Treviso, in una regione fortemente vocata al turismo, ha numeri interessanti che sono destinati a crescere. Al 31 dicembre 2018 sono stati registrati oltre un milione di arrivi, il 55% dei quali stranieri, media superiore a quella italiana ferma al 49.3%. In totale sono 2.143.000 le presenze con una permanenza media di 2,1 giorni. Presenze che hanno registrato un forte incremento rispetto al 2017: +6.5% complessivamente e +8.9% l’aumento degli stranieri. A fare da traino internazionale le Colline del prosecco - di recente riconosciute dall’Unesco patrimonio dell’Umanità, - ma anche la rete sempre più estesa e attrezzata di itinerari cicloturistici, che intercetta una domanda di turismo sostenibile e dal valore aggiunto umano e ambientale.

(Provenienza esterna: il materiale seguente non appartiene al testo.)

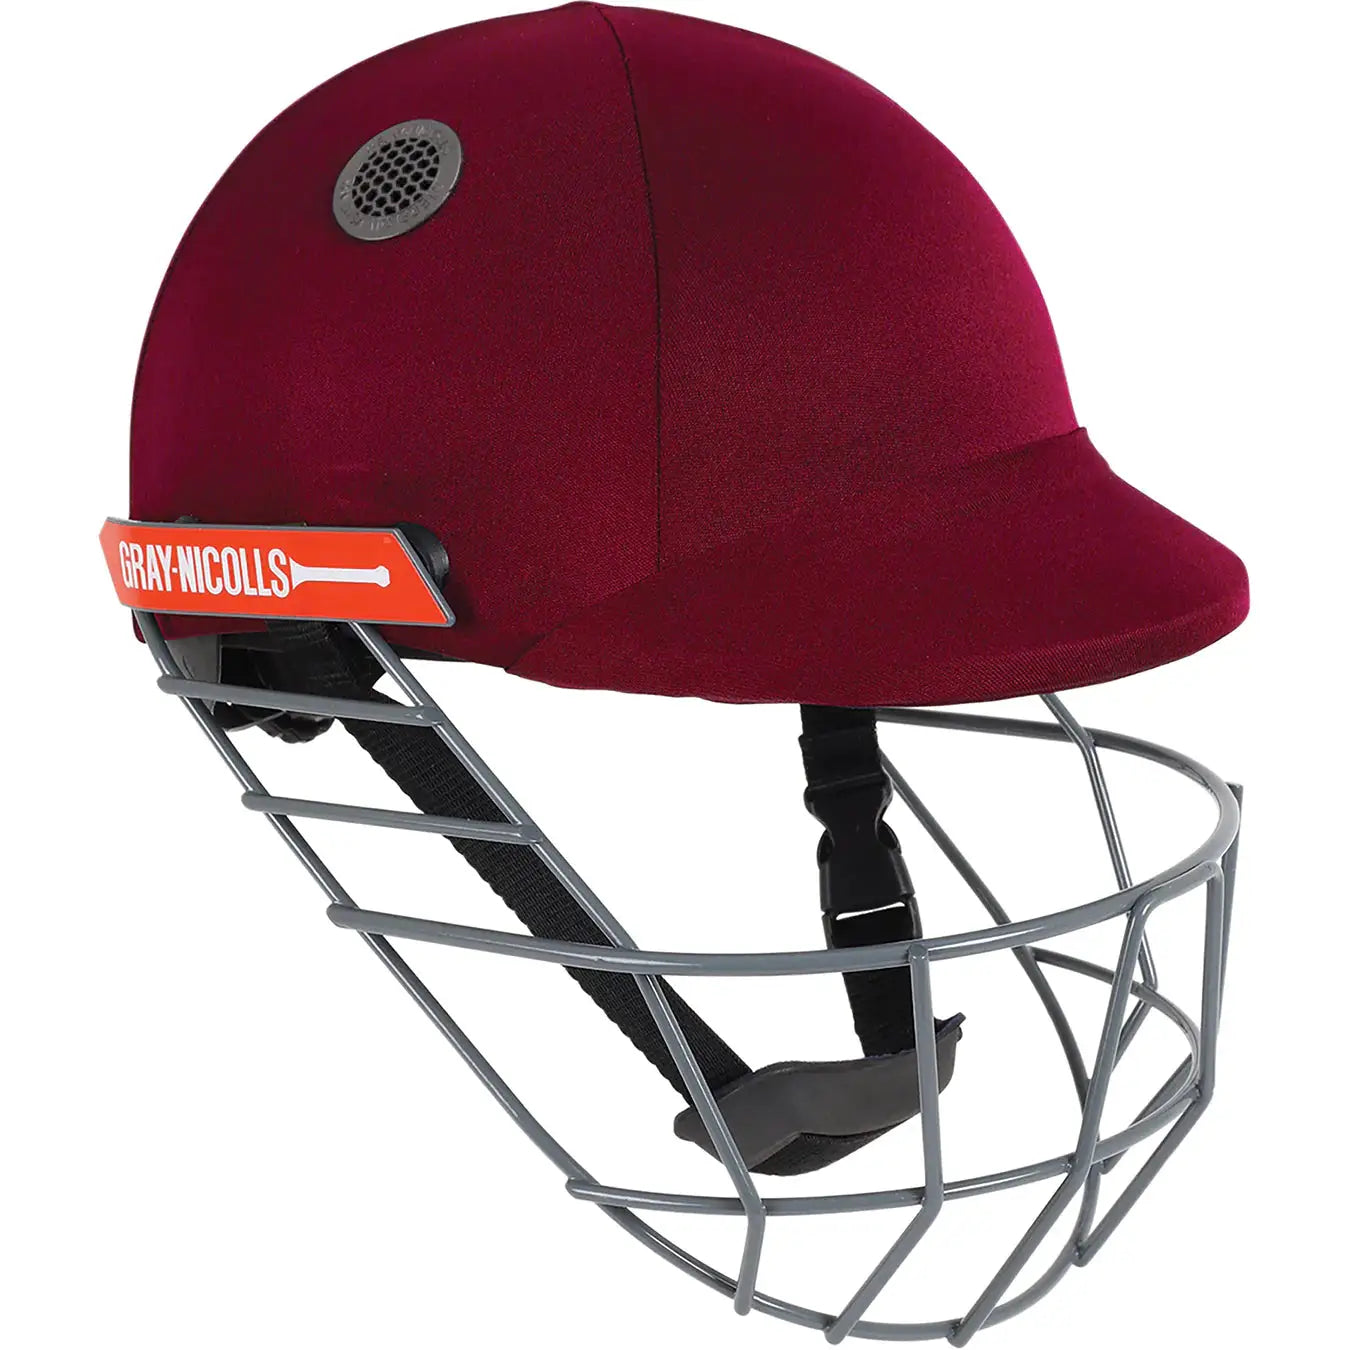 Gray Nicolls Atomic Cricket Helmet Maroon - Medium - HELMETS & HEADGEAR

La Marca possiede un patrimonio inestimabile da offrire al turista mondiale, ma senza la professionalità, l'intraprendenza, la voglia di investire nonostante i tempi difficili, il coraggio di rischiare dei nostri imprenditori, questi risultati non sarebbero arrivati. E’ necessario oggi organizzare un’azione di sistema, coinvolgendo tutti gli attori del territorio, pubblici e privati, per pianificare degli investimenti infrastrutturali e di servizio atti a facilitare l’arrivo di flussi di visitatori.

“L’impresa artigiana a vocazione turistica è presente in tutti gli ambiti - aggiunge il presidente Sartor - dal mare alla montagna, dal lago alle terme, dalle città d'arte ai parchi naturali, dai piccoli borghi storici alle offerte culturali. Ovunque c’è un’impresa artigiana capace di portare un’offerta interessante per il turista. Una condizione certamente favorevole, ma che per esplicare appieno le proprie potenzialità necessita di spirito di squadra e di grande capacità di valorizzare le diversità territoriali. Abbiamo raggiunto traguardi sino a poco tempo fa inimmaginabili, sono convinto che sia possibile fare ancora meglio in futuro”. Le imprese artigiane che operano in Veneto in attività economiche a vocazione turistica alla fine del I trimestre 2019 sono infatti 17.620, pari al 14% dell'artigianato regionale, di cui 2.743 trevigiane, pari al 15.6% del totale.